A text document is an artifact that contains textual data in human-readable form such as a txt file.

In this assignment, we will design an object that can encapsulate textual content and operations to work on the content.

Specification

The object is defined as the interface TextDocument.java in src/main/java/document. Read the javadocs of the interface before starting writing code. Specifically, the interface provides the following methods:

  • String getText(). This method returns the texutal content in the text document as a string.
  • int getWordCount(). This method returns the number of words in the text document. A word is a sequence of characters separated by whitespace/s.
  • String minusDiff(TextDocument other). This method takes another text document as input and returns a string containing the sequence of characters that when removed from the document, the remaining ones are a subsequence of the other document. The idea is similar to the diff utility tool that reports the characters that need to be removed the make the document similar with the one that is being used for comparison.
  • String plusDiff(TextDocument other). Like minusDiff, except it returns the sequence of characters in other that need to be added to the text document to make it similar to other.

For e.g., suppose we are comparing two text documents D1 and D2 with content "Hello World" and "Helo Word!", respectively. Calling D1.minusDiff(D2) will return the sequence "ll" as removing it will make D1' a subsequence of D2. Further, since adding "!" to D1' will make it the same as D2, D1.plusDiff(D2) should return "!".

For you to Do

You are to write an implementation of the TextDocument interface called TextDocumentImpl.java in the document package. Note the diff method implementations must use a popular algorithm called the longest common subsequence algorithm described in the next section.

You must also write unit tests for your implementation in the src/test/java/TextDocumentImplTest.java file. You can write additional test files if necessary but the main test file is required.

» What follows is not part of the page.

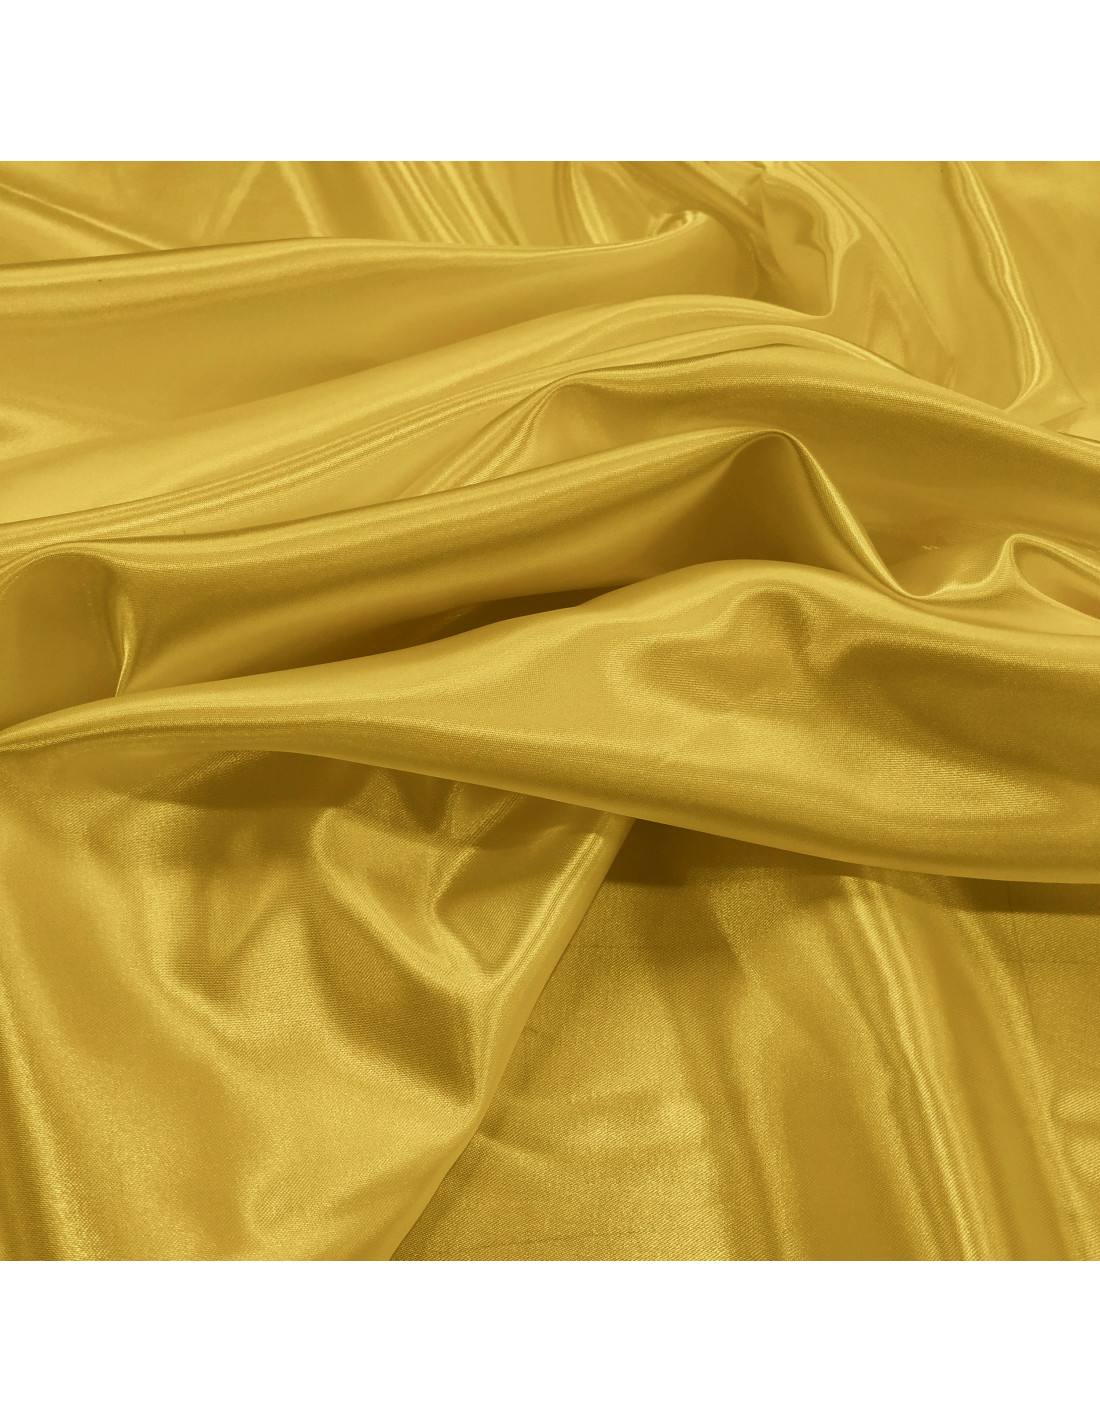 tela raso amarillo oro, tejido raso dorado, tela dorada para disfraz

Longest Common Subsequence Algorithm Description

Your implementation must use this algorithm. Additionally, be sure to provide a public constructor in your implementation that takes a string as argument and initializes the object with the necessary attributes such as the textual content and the word count.

You will need to compute the longest common subsequence (LCS) between two text documents to determine differences between them. Note the naive search to test if each subsequence of length N in a given string is also a subsequence in the other string is exponential. Hence, you must not implement the naive algorithm. Instead, you should use dynamic programming to calculate the LCS in polynomial time.

Dynamic programming is an algorithmic technique that is used to solve problems with (1) an optimal substructure, that is, dividing the problem into smaller sub problems and (2) overlapping sub problems, that is, the solutions to the smaller problems can be reused to solve the higher level problems.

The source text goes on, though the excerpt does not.